Просидев так ещё с полчаса, он собрался уходить. Взял реглан, потушил настольную лампу. И в полумраке кабинета, в синеватом свете, падающем с монитора в спящем режиме, его взгляд упал на подоконник.
Один из фикусов, тот, что стоял ближе всего к вечно горячему, сушащему воздух радиатору, выглядел не просто нездоровым. Он выглядел осквернённым. Несколько листьев, обычно тёмно-зелёных и кожистых, обвисли, пожелтели по краям, и на их поверхности проступили странные, ржаво-коричневые пятна, похожие на карту незнакомого, болотистого архипелага. Но самое странное, самое невозможное было у основания стебля. На поверхности грунта, у самого края пластикового горшка, лежала небольшая, влажно поблёскивающая в тусклом свете клякса чего-то чёрного и густого.
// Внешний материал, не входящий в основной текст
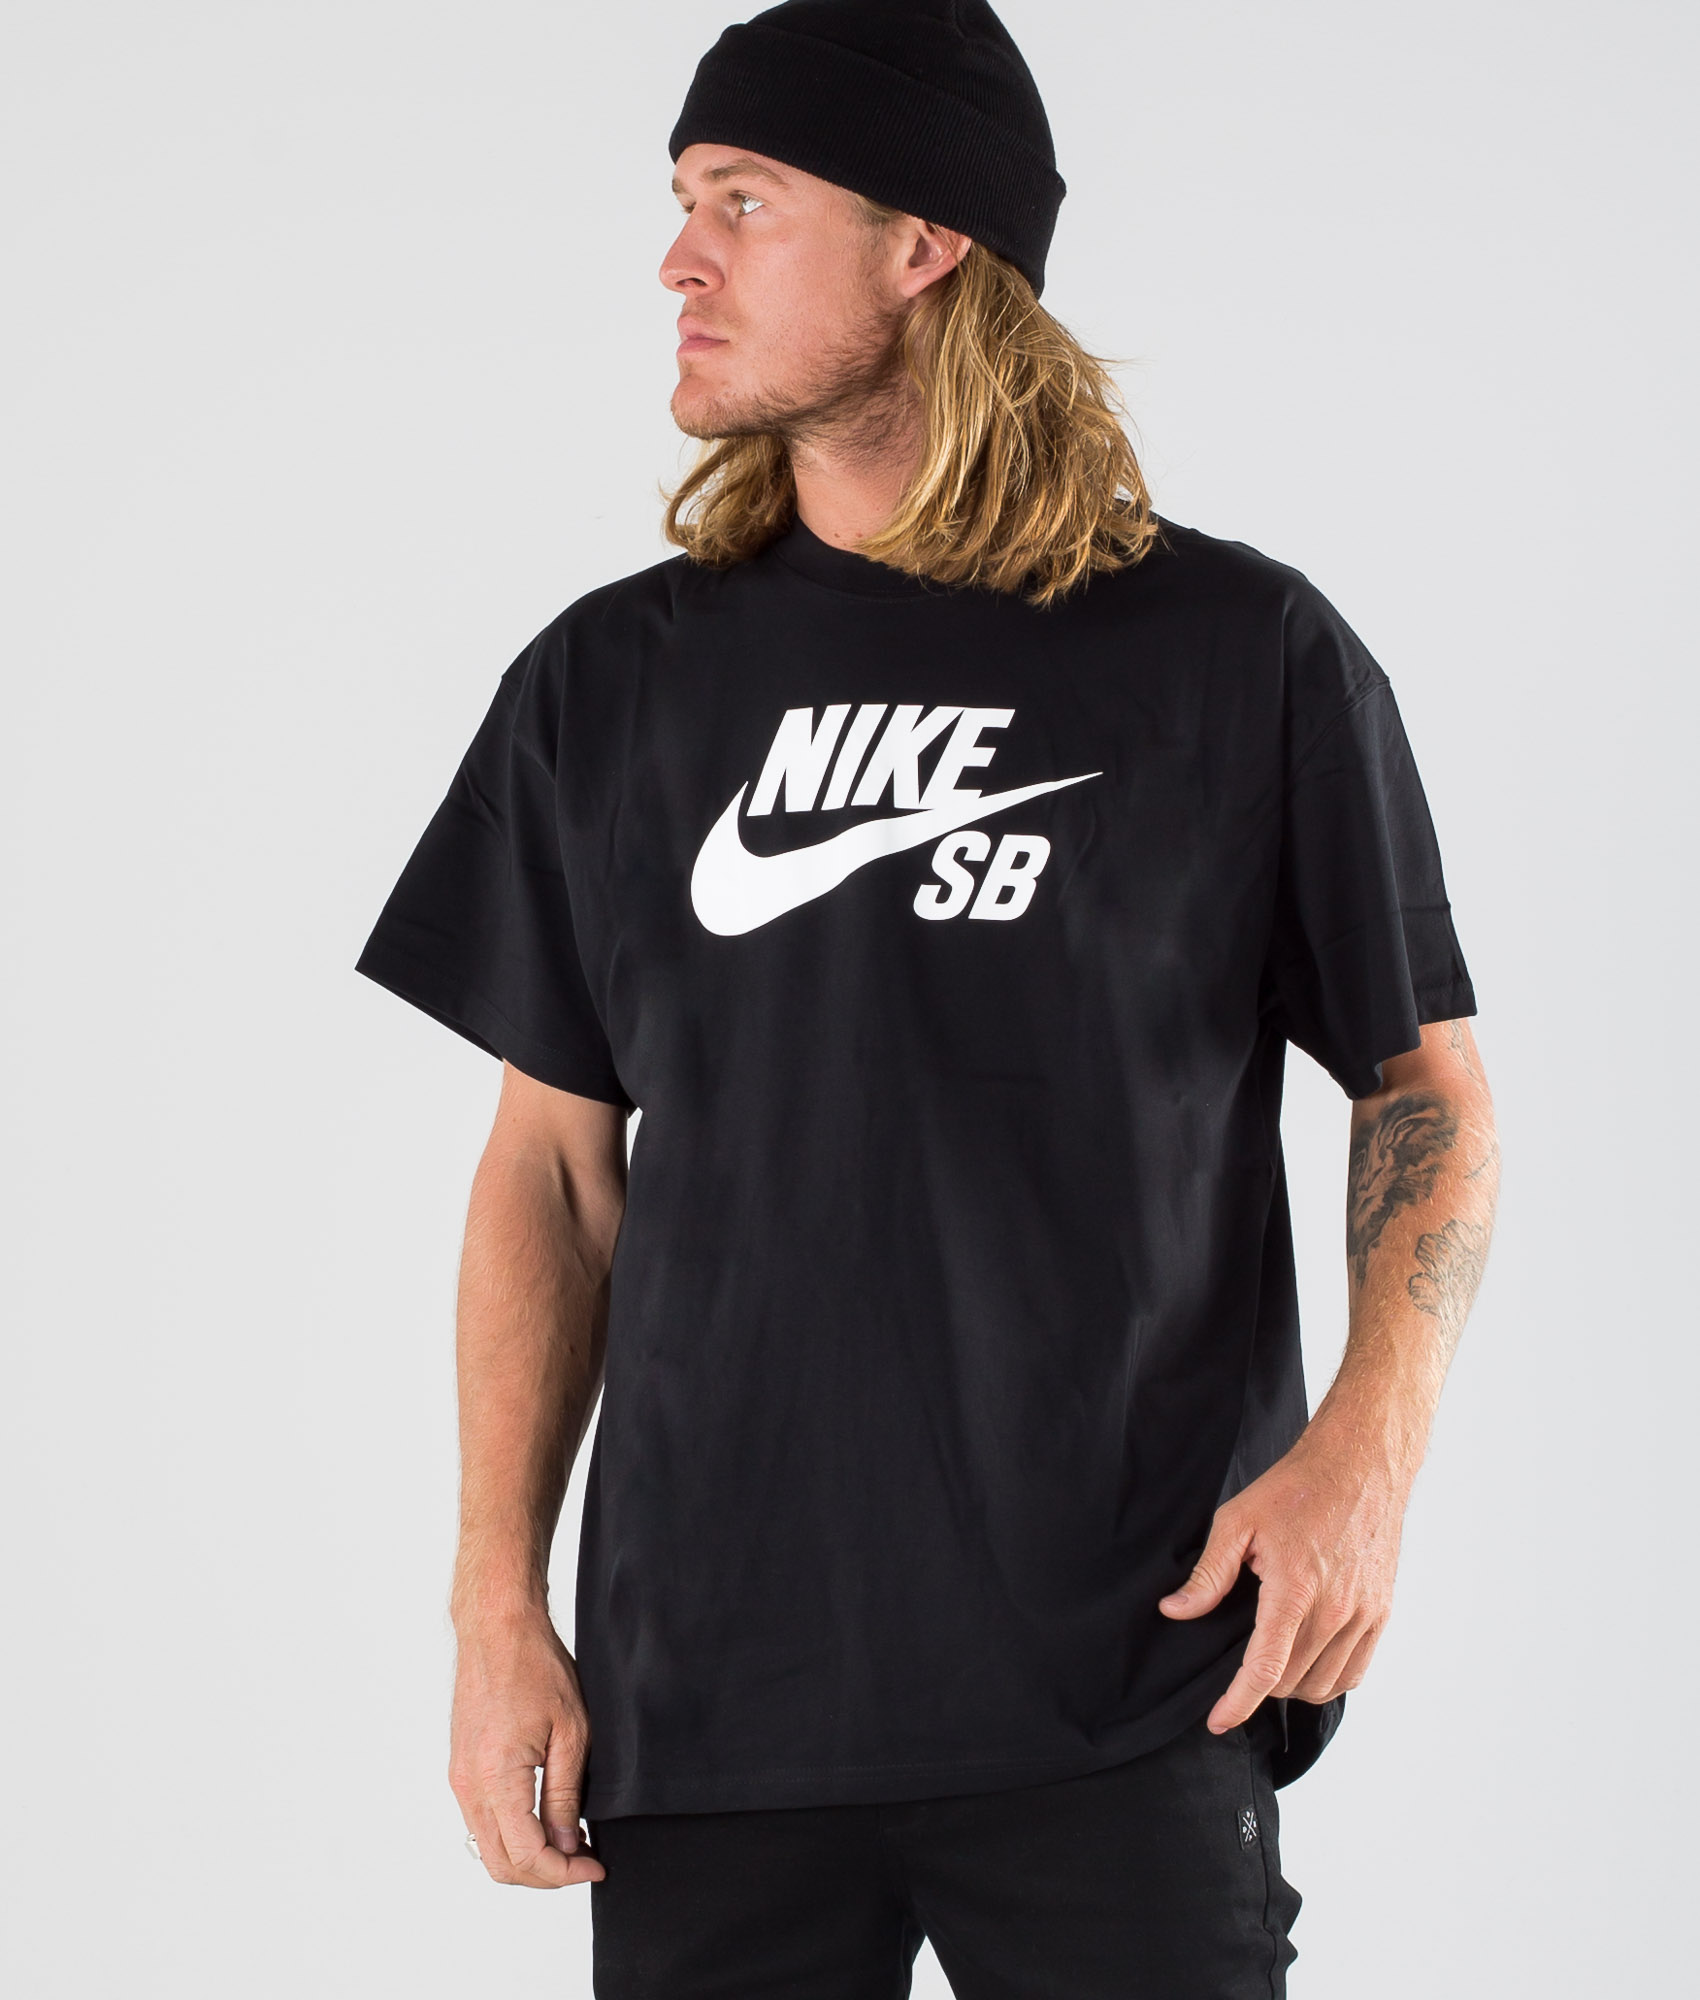 Nike SB Skate Tee Logo T-shirt Black

Морозов медленно, будто сквозь воду, подошёл. Это не была земля и не пересохшая грязь. Это была слизь, густая, как патока, почти желеобразная. И от неё, слабым, но отчётливым шлейфом, тянулся запах. Сладковатый. Гнилостный. С оттенком окисленной меди и старого, запёкшегося мёда. Тот самый, въевшийся в память запах из котлована. Он принёс его с собой. На подошвах. На одежде. И он прижился.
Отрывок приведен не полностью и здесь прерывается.